**WORK TO BE COMPLETED:**
Every line of the data below should be retyped exactly, with no images carried over.

**DATA BELOW:**
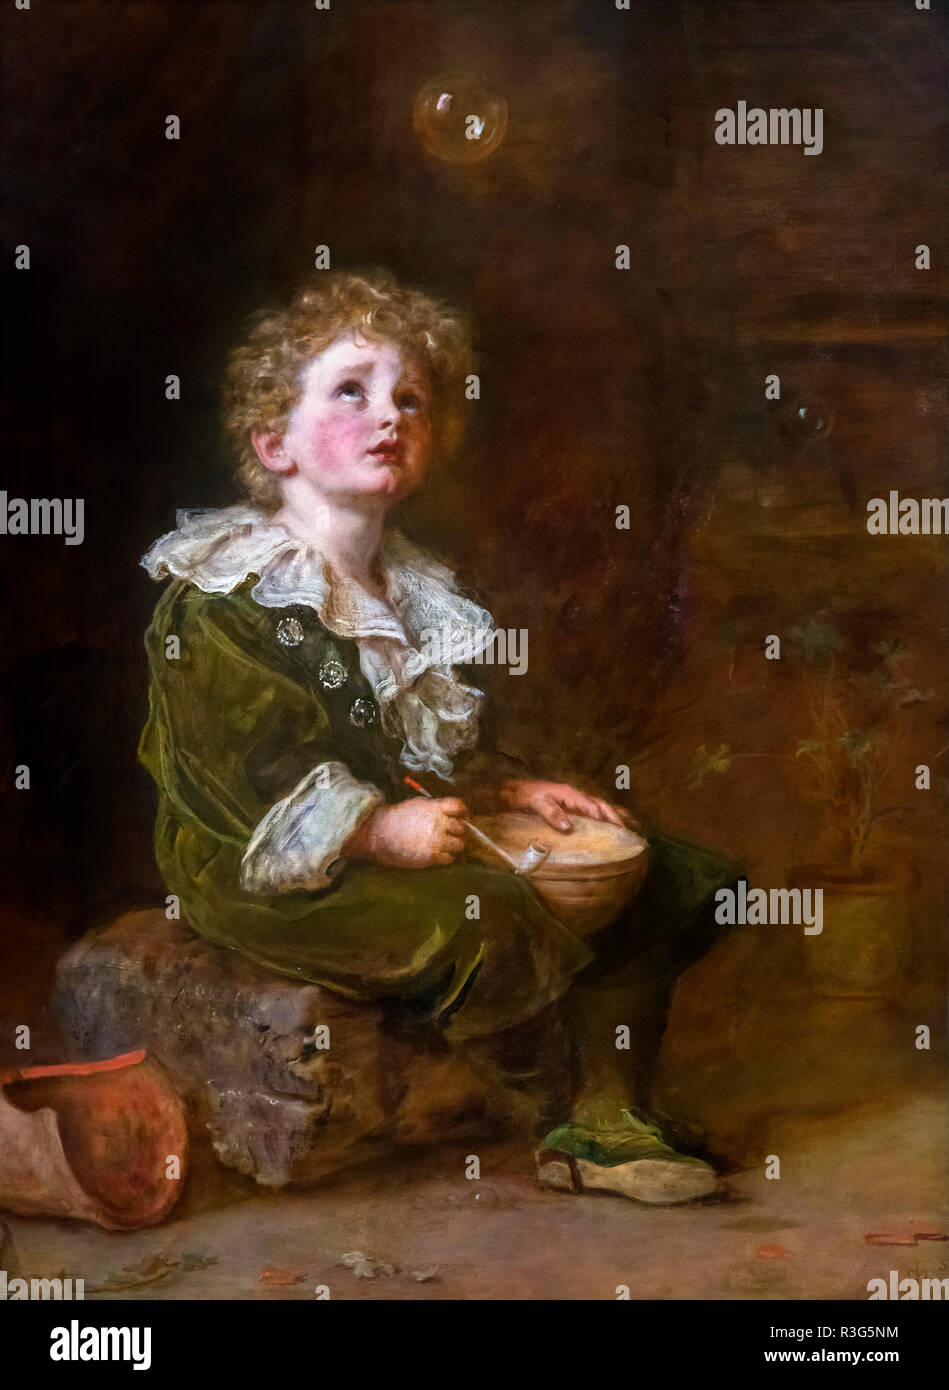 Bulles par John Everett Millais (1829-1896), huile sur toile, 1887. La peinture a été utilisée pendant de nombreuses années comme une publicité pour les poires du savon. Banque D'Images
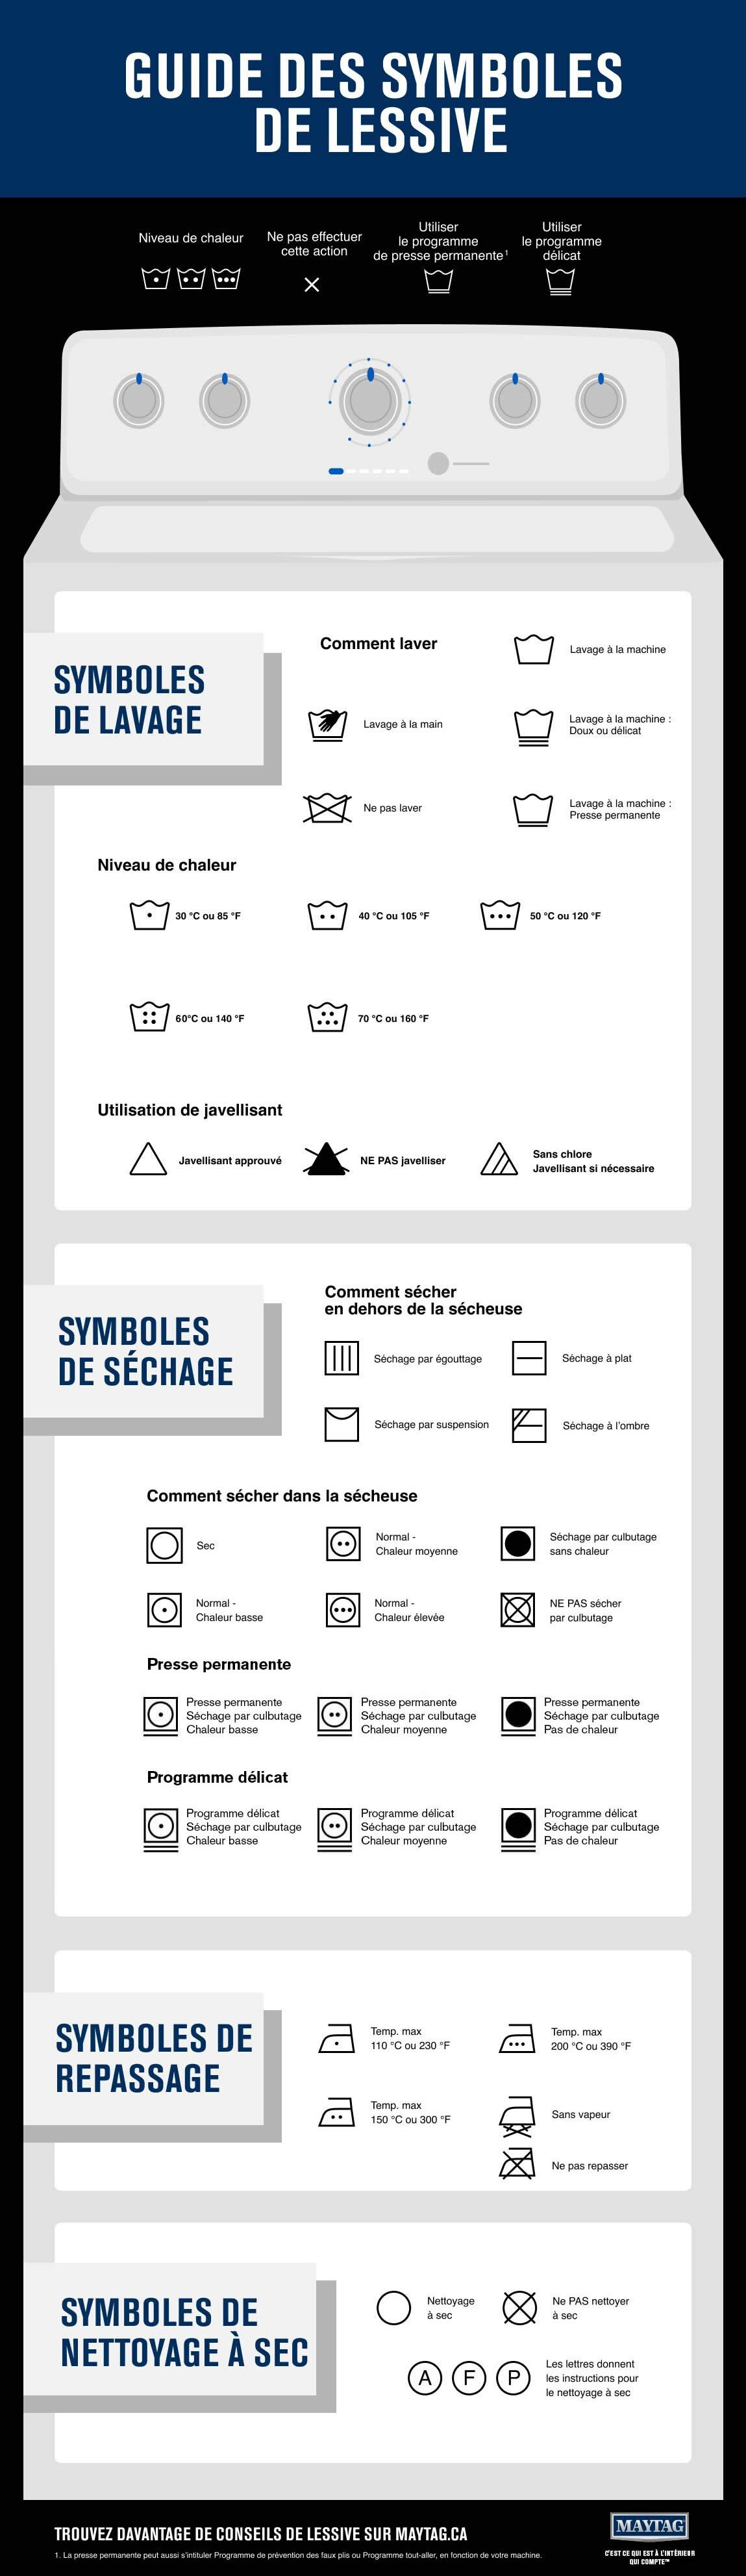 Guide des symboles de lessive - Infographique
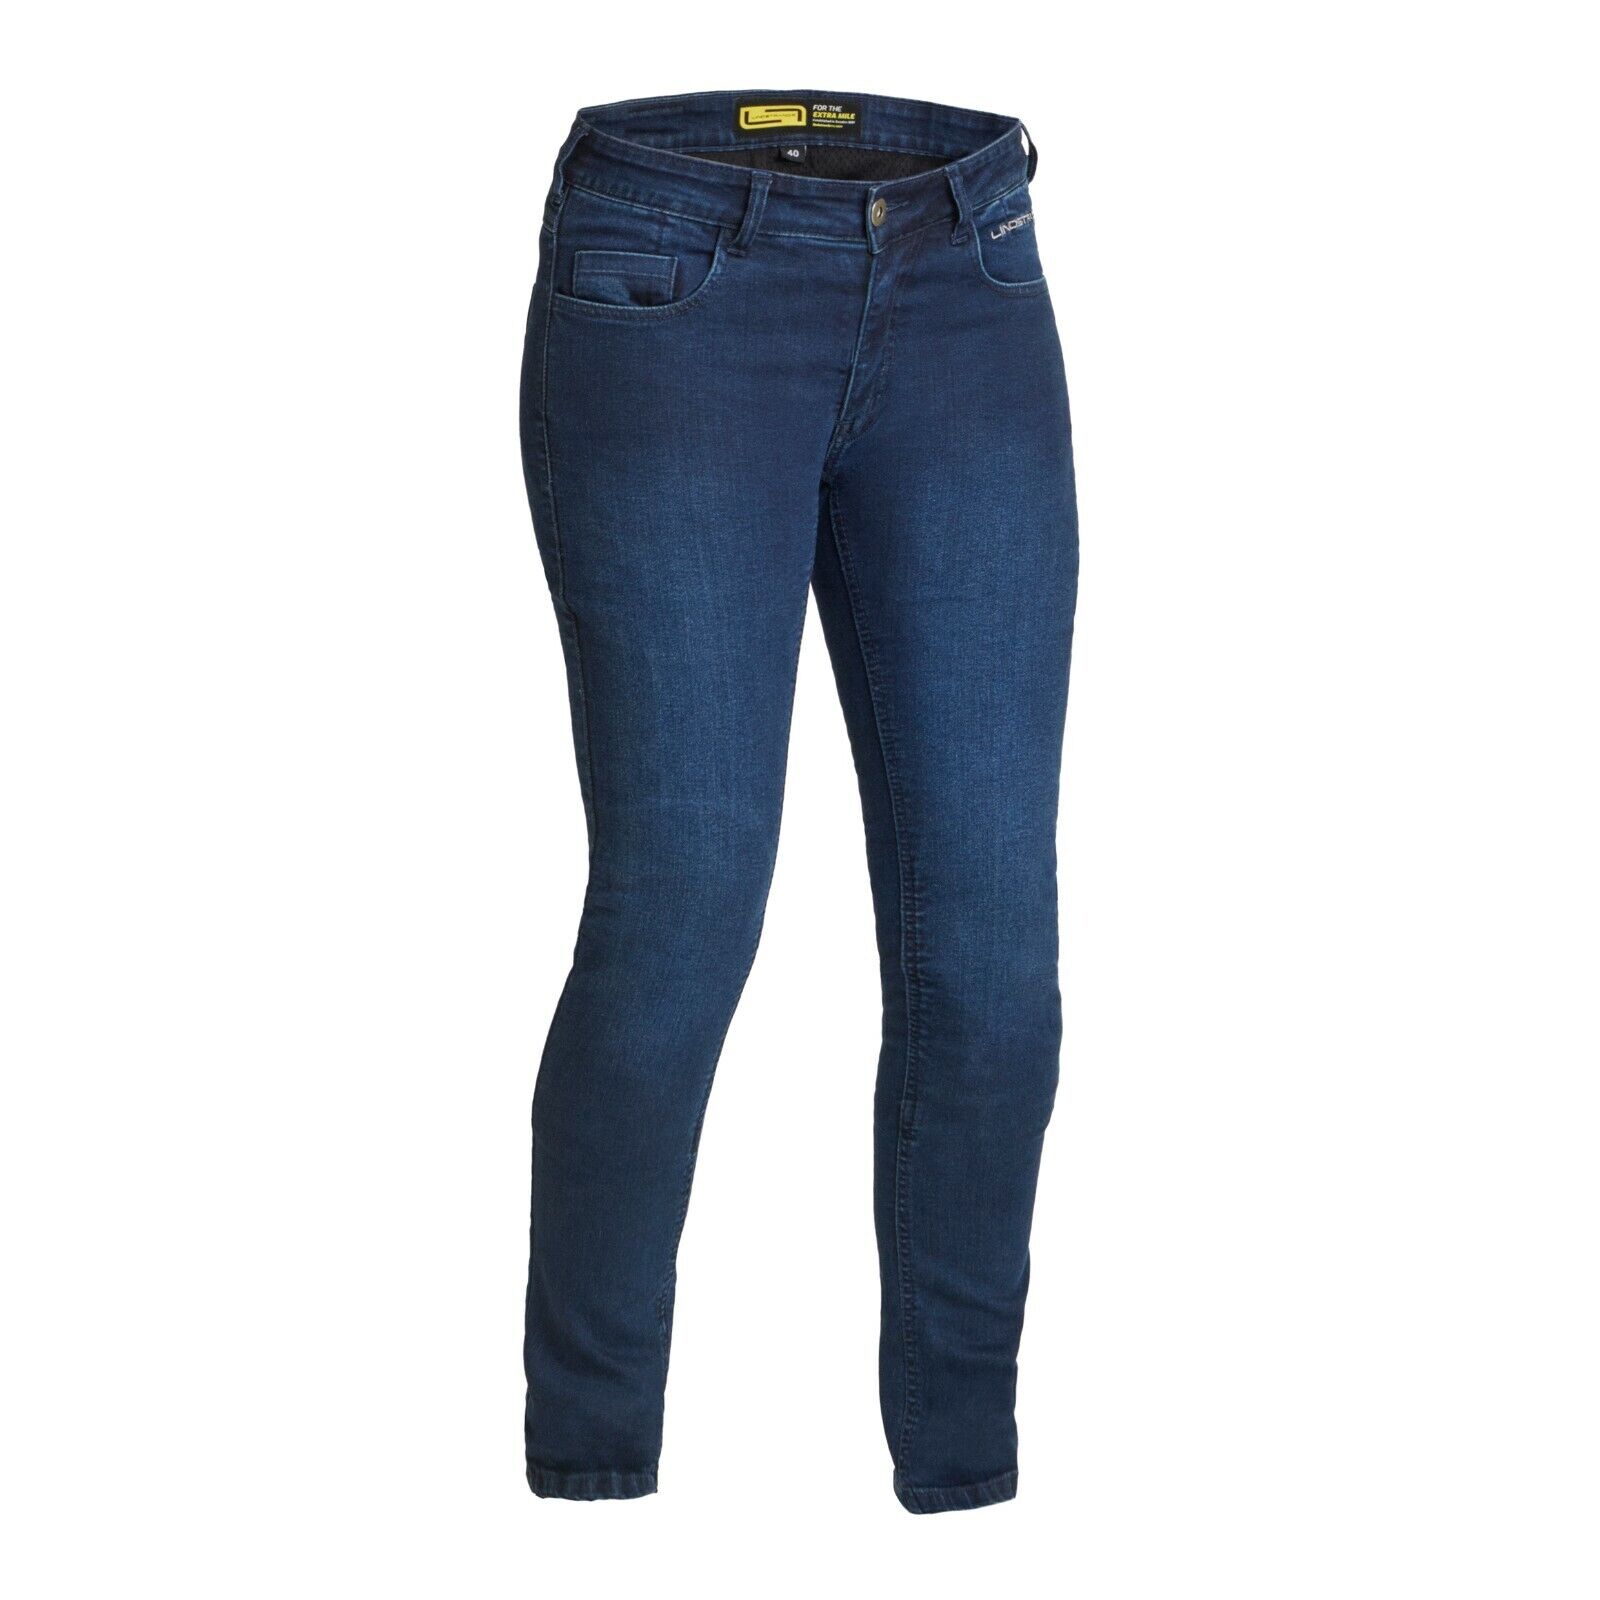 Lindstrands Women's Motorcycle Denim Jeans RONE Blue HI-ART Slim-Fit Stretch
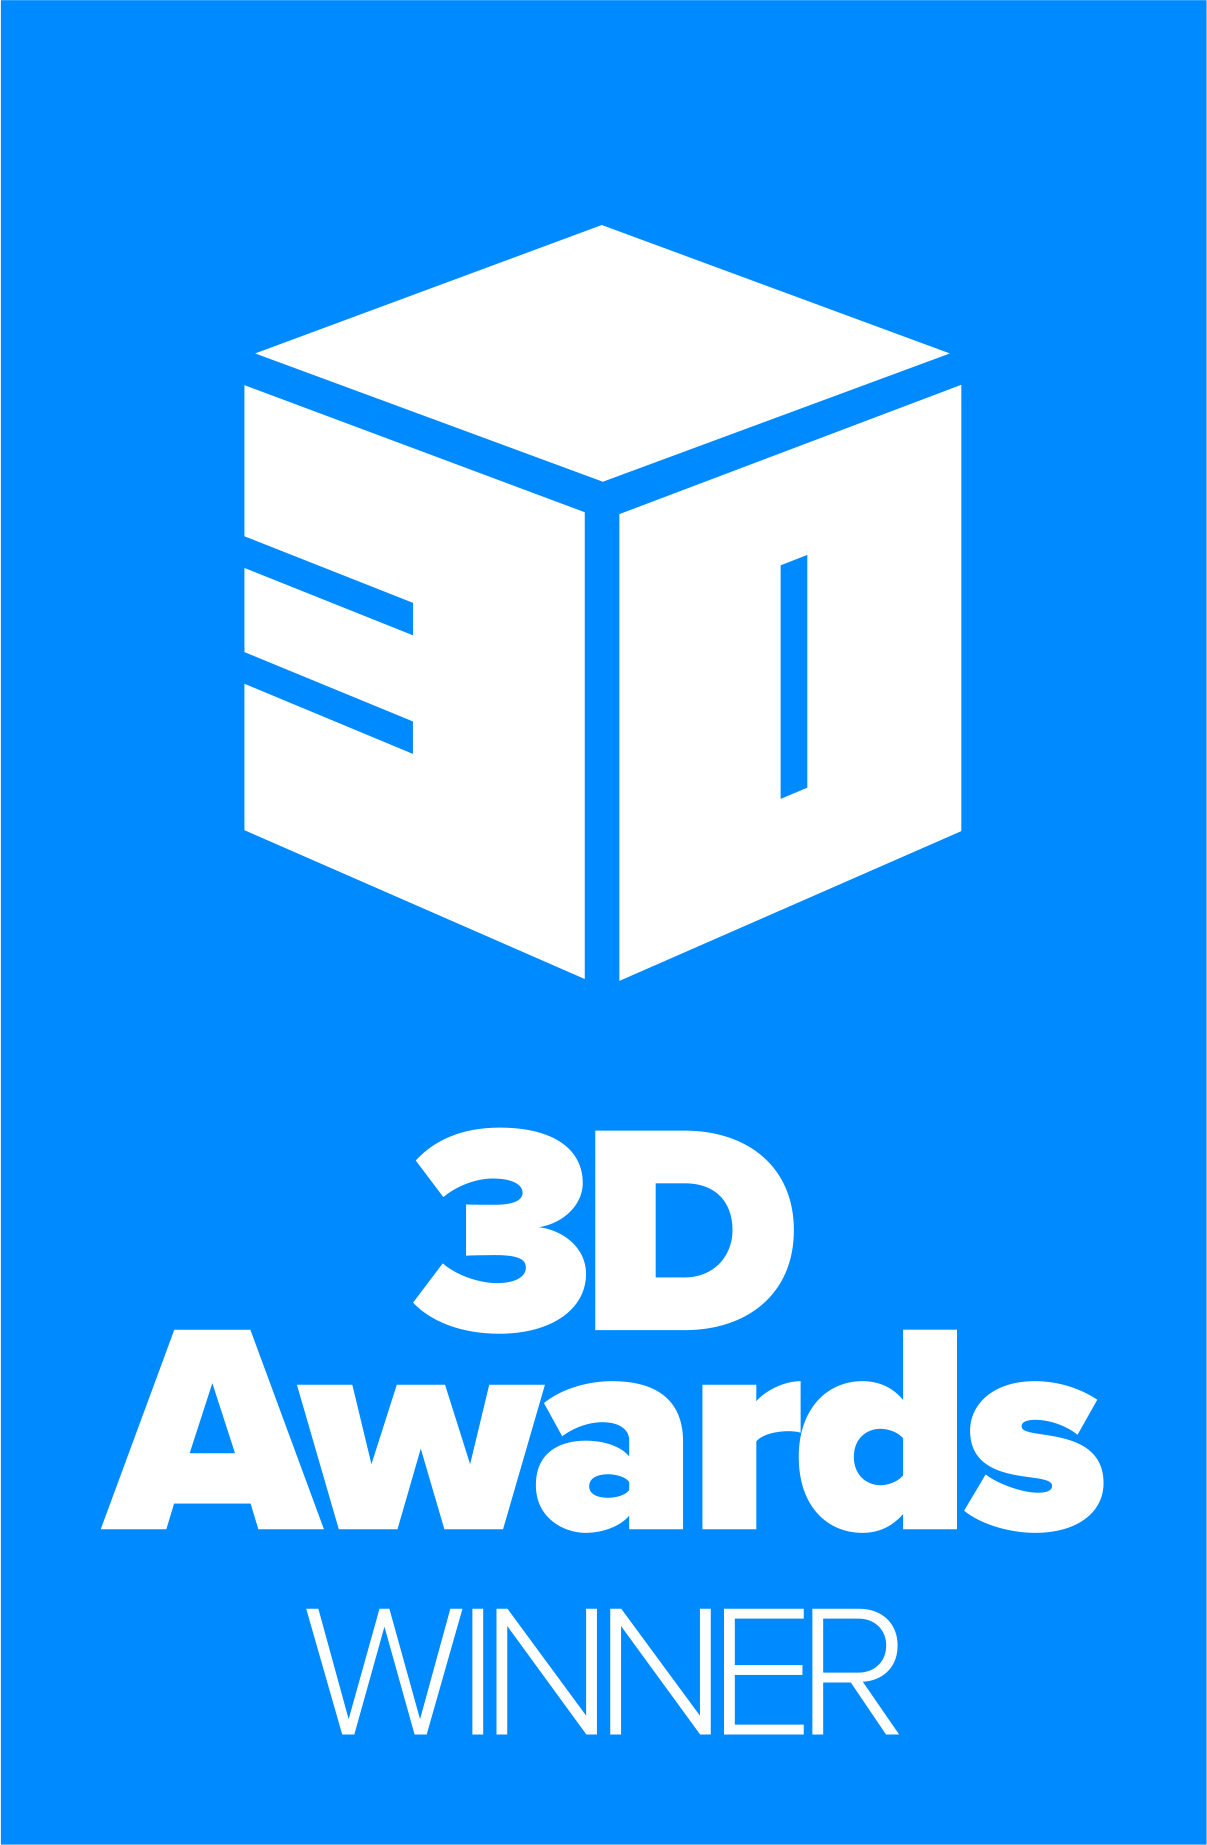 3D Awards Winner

**SOLUTION FOR THIS EXERCISE:**
 Bulles par John Everett Millais (1829-1896), huile sur toile, 1887. La peinture a été utilisée pendant de nombreuses années comme une publicité pour les poires du savon. Banque D'Images
 Guide des symboles de lessive - Infographique
 Lindstrands Women's Motorcycle Denim Jeans RONE Blue HI-ART Slim-Fit Stretch
 3D Awards Winner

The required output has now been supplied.